Music & lyrics by Jule Styne, Stephen Sondheim, Alfred Uhry, Robert Waldman, Bill Burnett, Claude-Michel Schonberg, Alain Boublil, Herbert Kretzmer, Lionel Bart, Bob Merrill, Andrew Lloyd Webber, Tim Rice, and David Yazbek
Patti LuPone (singer) with Seth Rudetsky (piano)
Reviewed by: Tom Vallance
Reviewed: 16 June, 2013
Venue: Leicester Square Theatre, London
On Broadway Patti LuPone created the role of Evita, and in London Fantine in Les Misérables. She has won several Tony Awards, including for a recent revival of Gypsy and for the musical version of Sunset Boulevard in which she was the first and best Norma Desmond. She is immensely talented, possessed of a remarkable singing voice that can reach to the rafters or move one to tears. She is a fine dramatic actress, too, and has a great sense of comedy – she needed all of those talents to get away with what she offered here.
Her show is billed as a one-woman event, hosted by her pianist Seth Rudetsky, who at the start of the evening explained that he has a daily show-music radio programme in the States (“I’m the American Elaine Paige”). He’s a very funny man, though he speaks so fast that some of the humour gets lost. There were television screens around the auditorium to illustrate some enjoyable mishaps, including the hilarious performance of ‘June is bustin’ out all over’ by Leslie Uggams, who forgets the lyrics after the opening line and then ad-libs the rest in a sort of rhyming gibberish. But it was a surprise when Rudetsky’s act went on for forty minutes, to be followed by a twenty-minute interval.
At last, after the break, LuPone appeared, her voice soaring effortlessly through a spine-tingling ‘Everything’s coming up roses’. “Sing out, Louise”, cried someone in the audience, provoking a response, “Whadda ya think I’m doing?”, after which LuPone seamlessly resumed the song. On the stage were a grand piano and two armchairs. Throughout the rest of the evening the songs were interspersed with biographical questions from Rudetsky, with an occasional request from the audience.
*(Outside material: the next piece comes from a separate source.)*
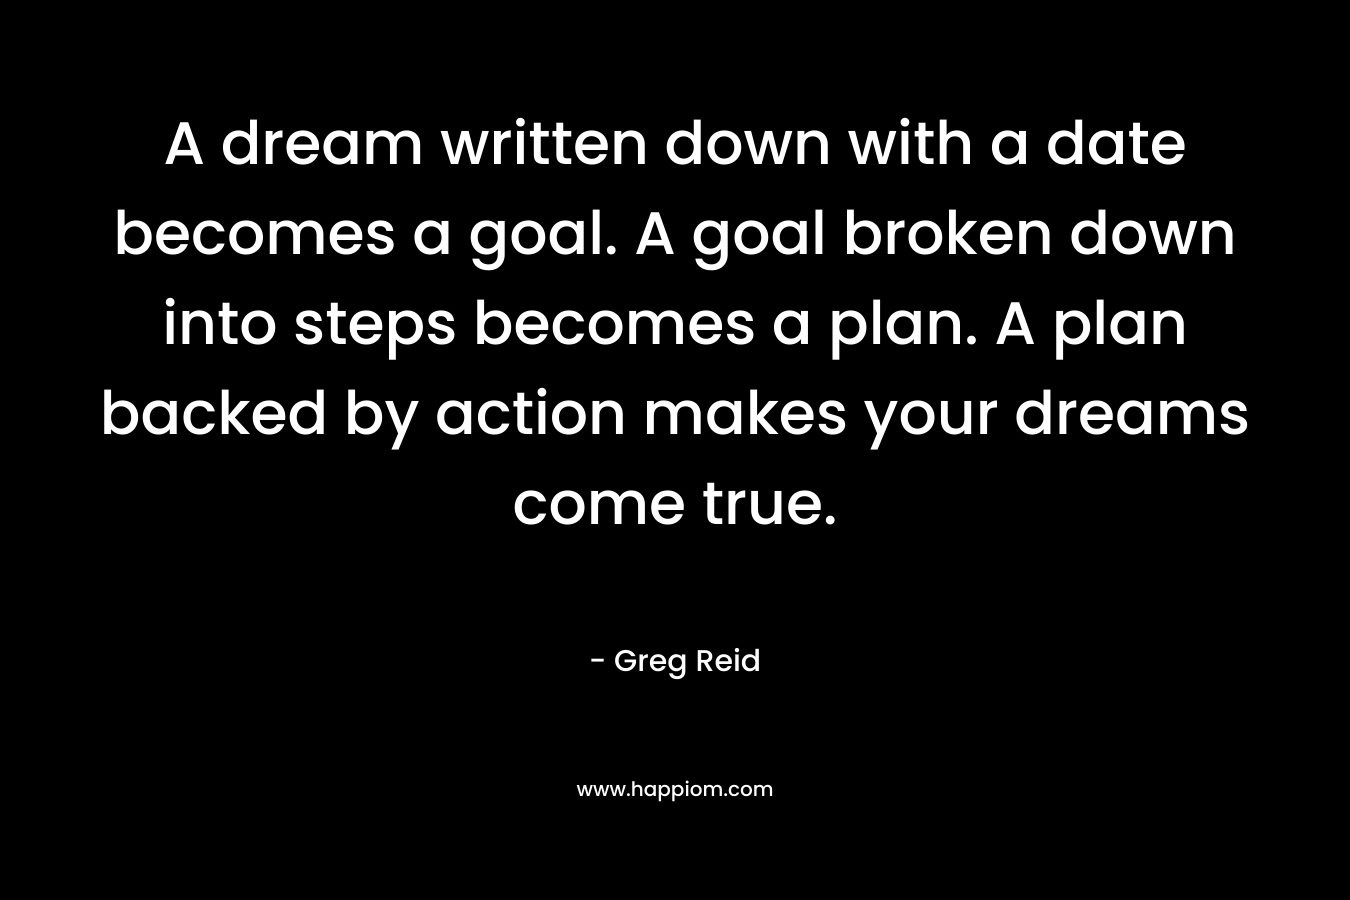 A dream written down with a date becomes a goal. A goal broken down into steps becomes a plan. A plan backed by action makes your dreams come true.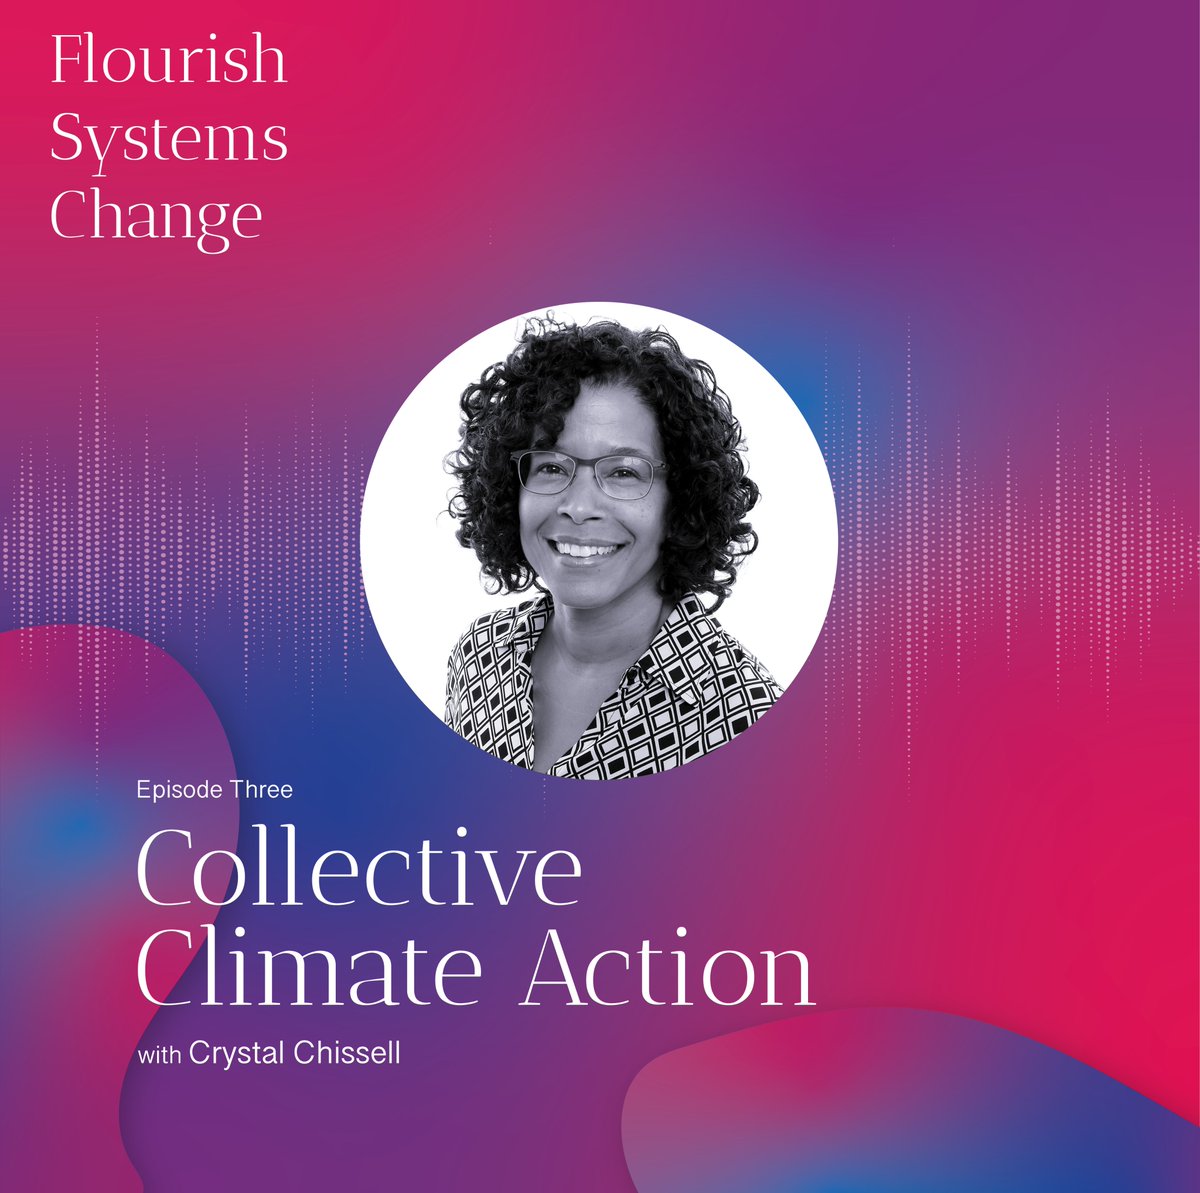 🔊Ep 3 of Flourish Systems Change features #climateaction leader @CrystalChissell of @ProjectDrawdown 👂flourish-book.com/flourishsystem… or your fave platform 🌱Jointly conceived + co-presented by @michaelpawlyn + @sarah_ichioka 🌟Podcast supported by @InterfaceInc #possibilism #agency

Though he asks how she came to be cast in most of her major hits, Rudetsky assured us that the questions (and the songs) would vary from night to night.
Some of the facts are indeed fascinating – LuPone turned down the role of Fosca in Sondheim’s Passion in order to do Sunset Boulevard, which she describes as “an ugly experience”, and Evita was not her first Tony nomination – she had received one for her appearance in a touring version of The Robber Bridegroom, which had a brief stopover in New York (in the only year that a brother and sister had been nominated, Robert LuPone was playing Zach in A Chorus Line) and from which she sang ‘A sleeping man’. Another rarity is a number she introduced in a musical based on the Pedro Almodóvar movie, Women on the Verge of a Nervous Breakdown. One of the requests she delivered was ‘A fine life’ from Oliver! – she played Nancy in a short-lived Broadway revival – but she was alas unsure of the lyrics. The presence of fellow-performers in the audience prompted her to bring them up to duet with her on moments from Les Misérables and the ‘High flying adored’ sequence from Evita, though she again required sheet music or prompting.
Perhaps one should not be too critical of a show that is intentionally unpredictable – Rudetsky asks the audience to come back on the basis that each night will be substantially different. LuPone has accurate recollection of her trademark numbers, and it is still exciting to hear that unmistakable timbre for ‘I dreamed a dream’ and ‘Buenos Aires’. One also gets to hear her views on audience members who take photographs or use their mobiles (a topic that put her in the news recently), her description of what makes a “belter”, why she says Evita was “the most miserable experience of my life”, and her views on Andrew Lloyd Webber and Stephen Sondheim: her version of the latter’s ‘The ladies who lunch’ from Company was here absolutely breathtaking and alone virtually compensates for the disappointing first hour and the forgotten lyrics.
The evening is a love-in for which normal rules barely apply. The standing ovations and the deafening roars that could no doubt be heard all the way up Charing Cross Road indicated that her fans were more than satisfied.
- Patti LuPone is at the Leicester Square Theatre, London WC2 until Sunday 23 June 2013
- Tuesday to Thursday at 7 p.m., Saturday 6.30 p.m. and Sunday at 4.30 p.m. & 7 p.m.
- Seth Rudetsky performs his show Deconstructing Broadway on Saturday 22 June at 9.30 p.m.